When examining the current literature on gate-level countermeasures, it becomes evident that the majority of the available research has focused on countermeasures against PAA attacks that are based on the dynamic current consumption of a circuit. Comparatively, there are much fewer countermeasures that specifically address LPA attacks. This thesis analyzed one such countermeasure introduced in the literature, namely ELB as presented in [13]. ELB was of special interest among the LPA oriented countermeasures as it was able to achieve zero input-dependence in its static current when tested in ideal simulations in 65 nm CMOS. Therefore, ELB was chosen as a starting point to develop Octuple logic and QDPL that adds further balancing in their dynamic current consumption. Another countermeasure against LPA attacks found in the literature is the logic style called Balanced Static Power Logic (BSPL), which was introduced in [16]. In the introduction of BSPL, the authors of [16] presented simulation results that demonstrated that this logic style could achieve a balanced static current consumption for all input combinations. However, these results were obtained when the logic gates were implemented in 180 nm CMOS technology. When reviewing LPA countermeasures for the work done in this thesis, preliminary experiments were conducted on a BSPL NAND gate in 65 nm CMOS technology, and no such balance was found in the current between input combinations. A plot showing these results is presented in appendix B. This suggests that the BSPL logic style may be obsolete for more modern CMOS technology, and therefore, no further analysis was conducted on this logic style.

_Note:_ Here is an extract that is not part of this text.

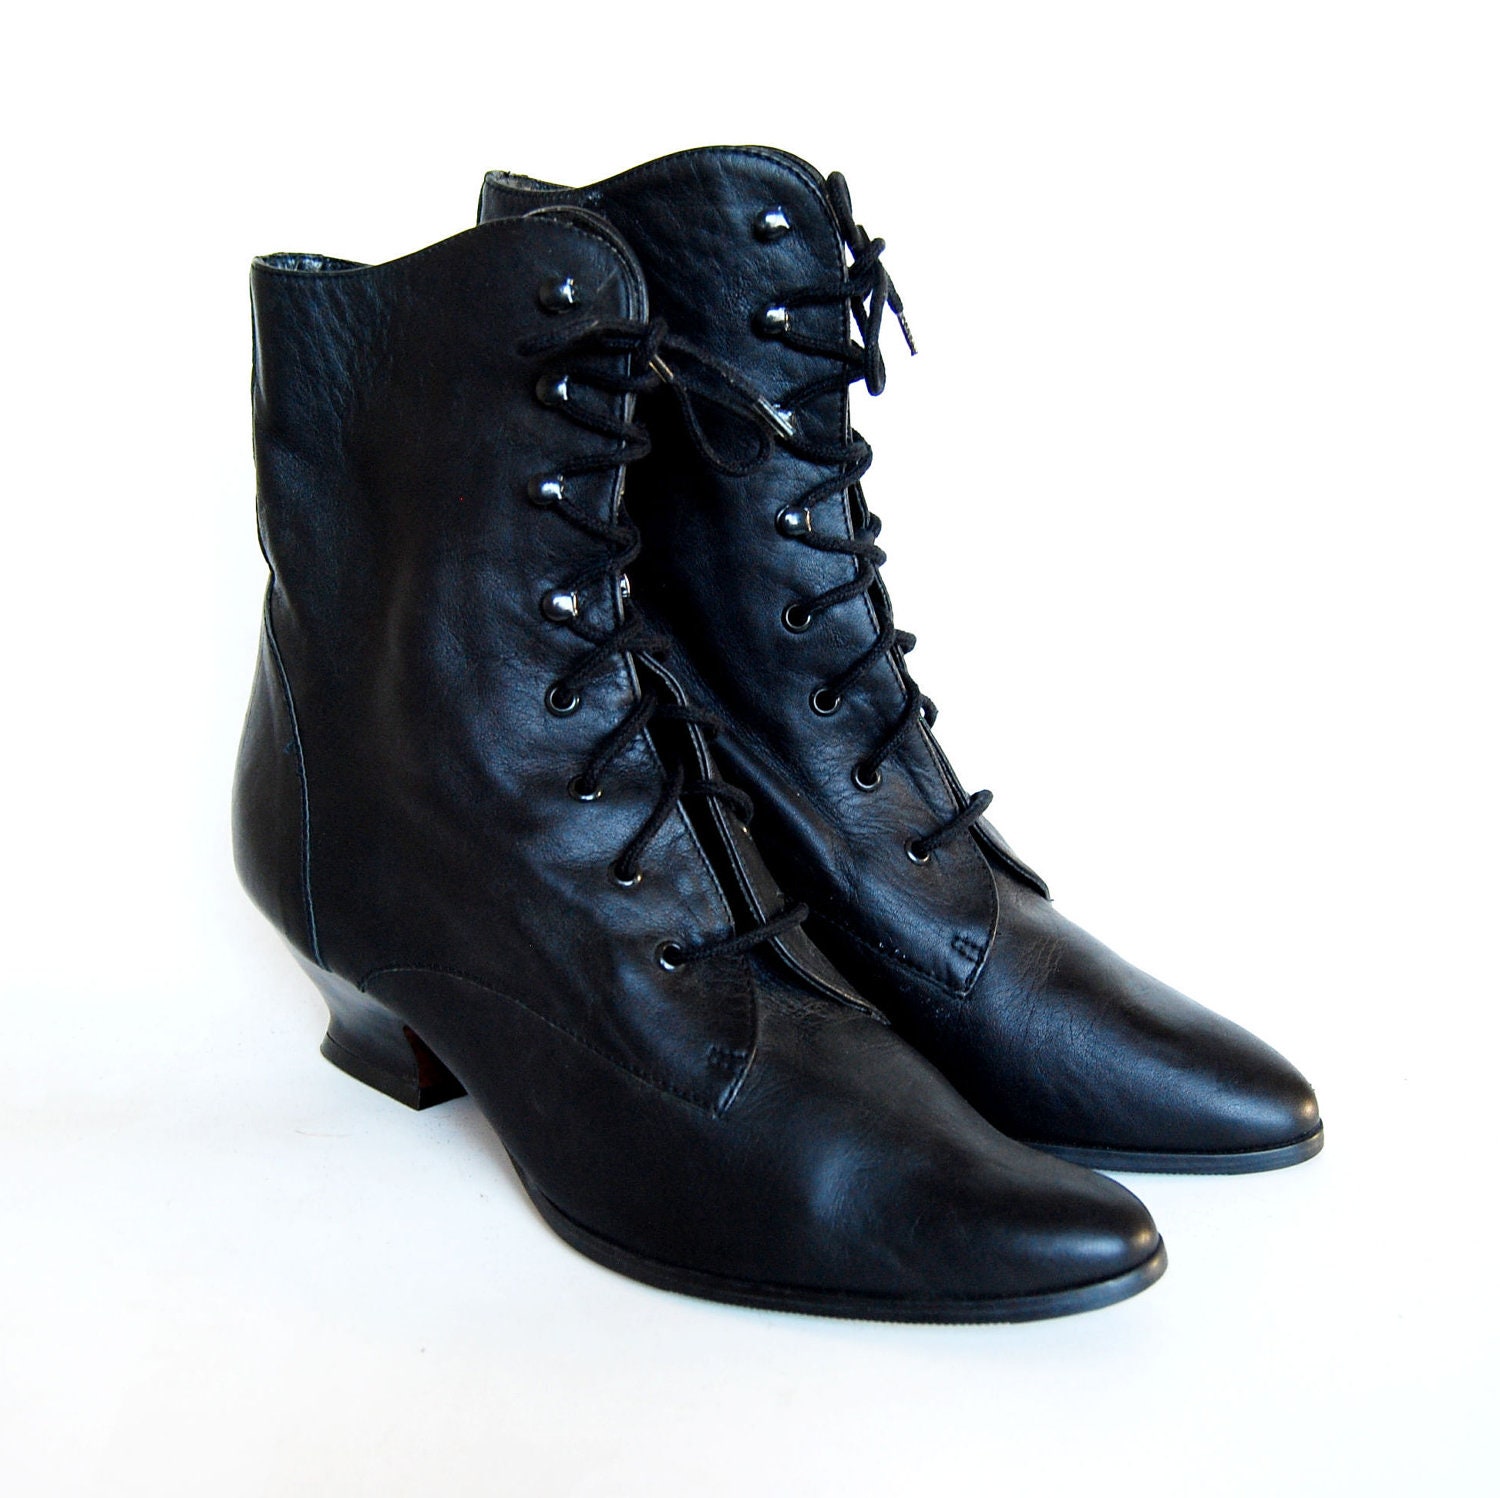 Black Leather Granny Boots 75

Studies have evaluated whether countermeasures against dynamic power based PAA provide resistance against LPA attacks, including research conducted in [22] and [23]. These works analyzed DPA resistant logic styles such as Sense Amplifier Based Logic (SABL)[24], Wave

Dynamic Differential Logic (WDDL)[25], Masked Dual-rail Pre-charge Logic (MDPL)[26], and Three-phase Dual-rail Pre-charge Logic (TPDL)[27], all of which were found to be vulnerable to LPA attacks. Notably, [23] pointed out that the logic style known as Delay-Based Dual-rail Precharge Logic (DDPL)[28] showed promising resistance to LPA attacks. This logic style differs from the other logic styles by encoding output values in the time domain rather than voltage values, suggesting that such encoding schemes may be a promising domain for future research.

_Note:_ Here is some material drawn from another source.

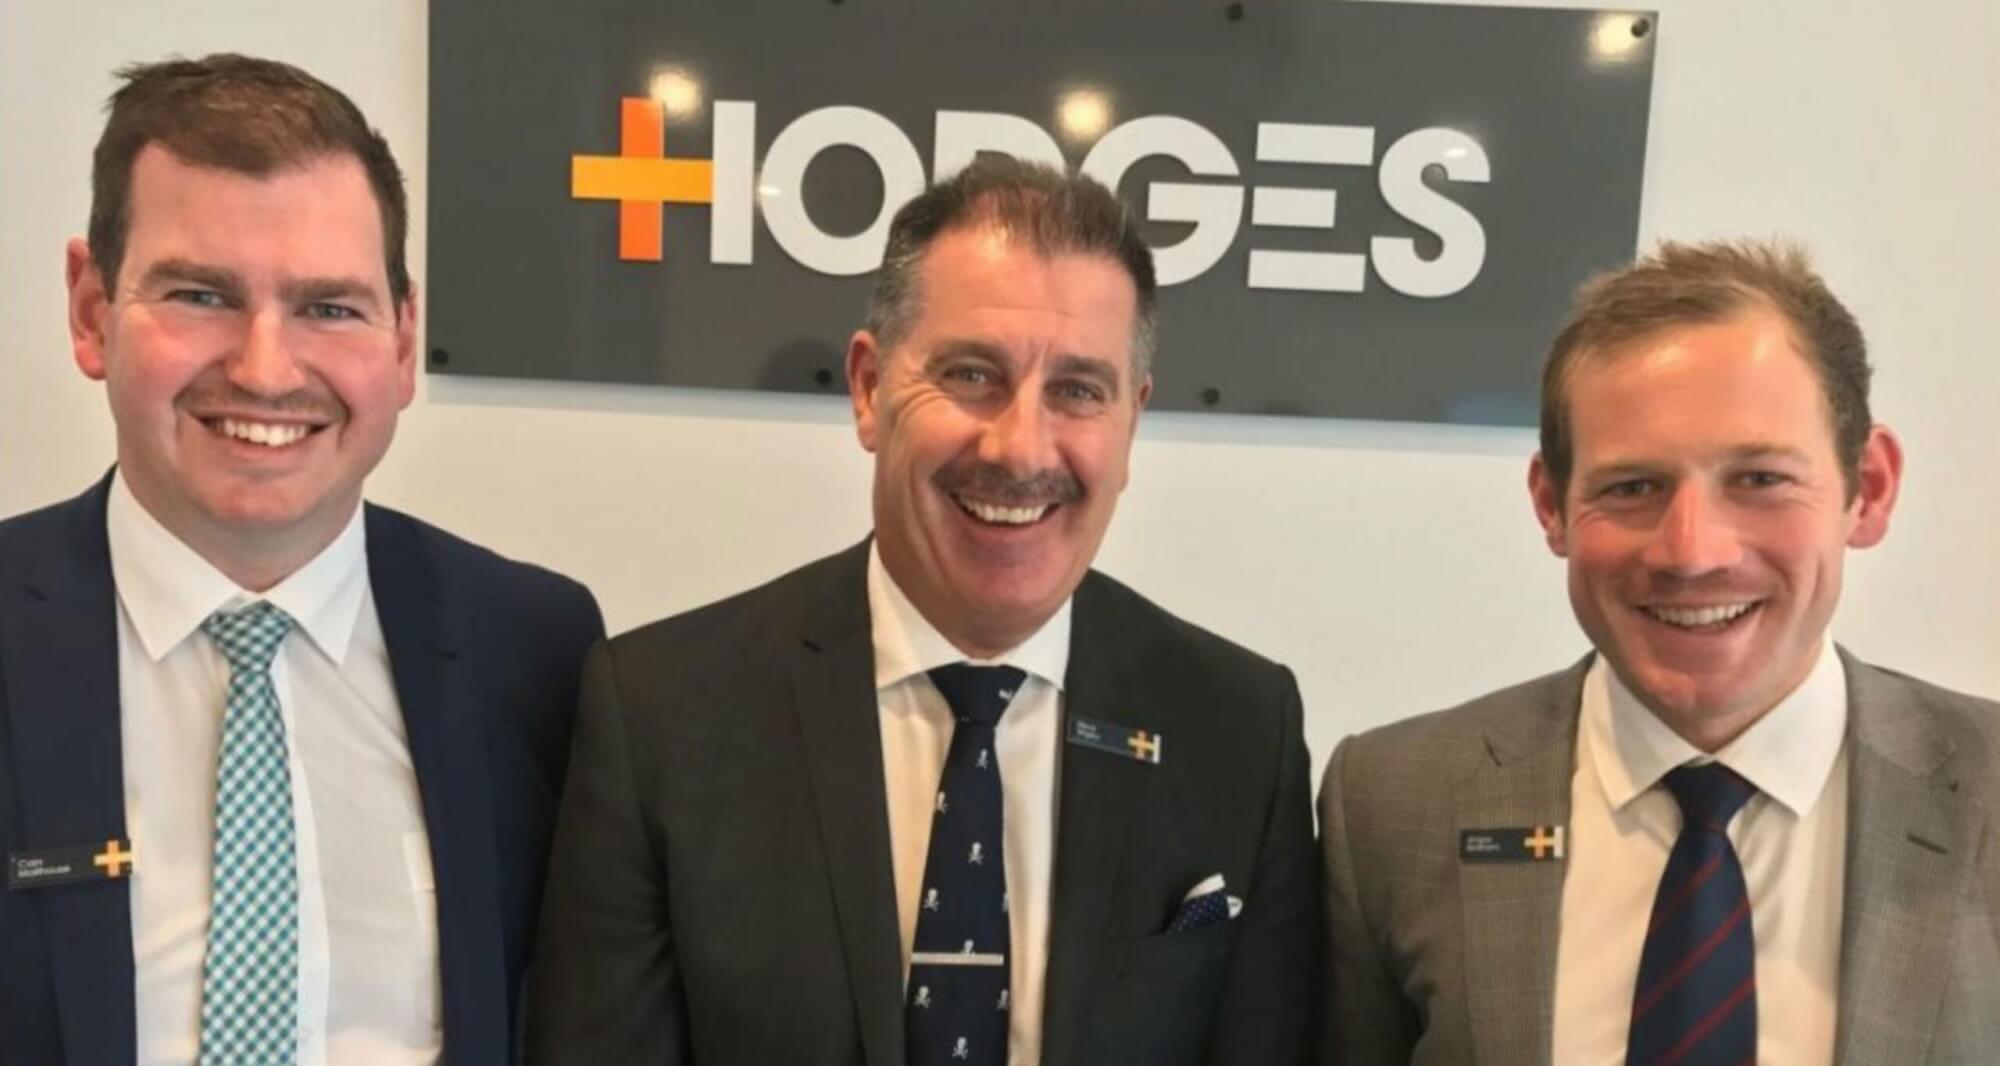 Hodges give more to the local community

The limited number of countermeasures specifically designed to protect against LPA attacks, coupled with the fact that existing countermeasures against dynamic power based PAA provides inadequate protection against LPA attacks, points to the necessity for research in this field and the development of new and effective LPA attack countermeasures.

## 5.4 Internally multiplied logic gates

In this thesis, all LPA attack-countermeasure logic styles that are analyzed are based on the principle of using a top-level cell made up of a set of duplicated internal logic gates. This principle aims to achieve an equal static current consumption across all input combinations, which can theoretically be achieved when the internals of the cell include  $2^n$  logic gates each processing a unique combination of the input signals, where n is the number of inputs to the top-level cell. This approach guarantees that all variations of the top-level input signals are processed at all times, regardless of the values of the input signals to the top-level cell, theoretically resulting in the same current being drawn at every input combination.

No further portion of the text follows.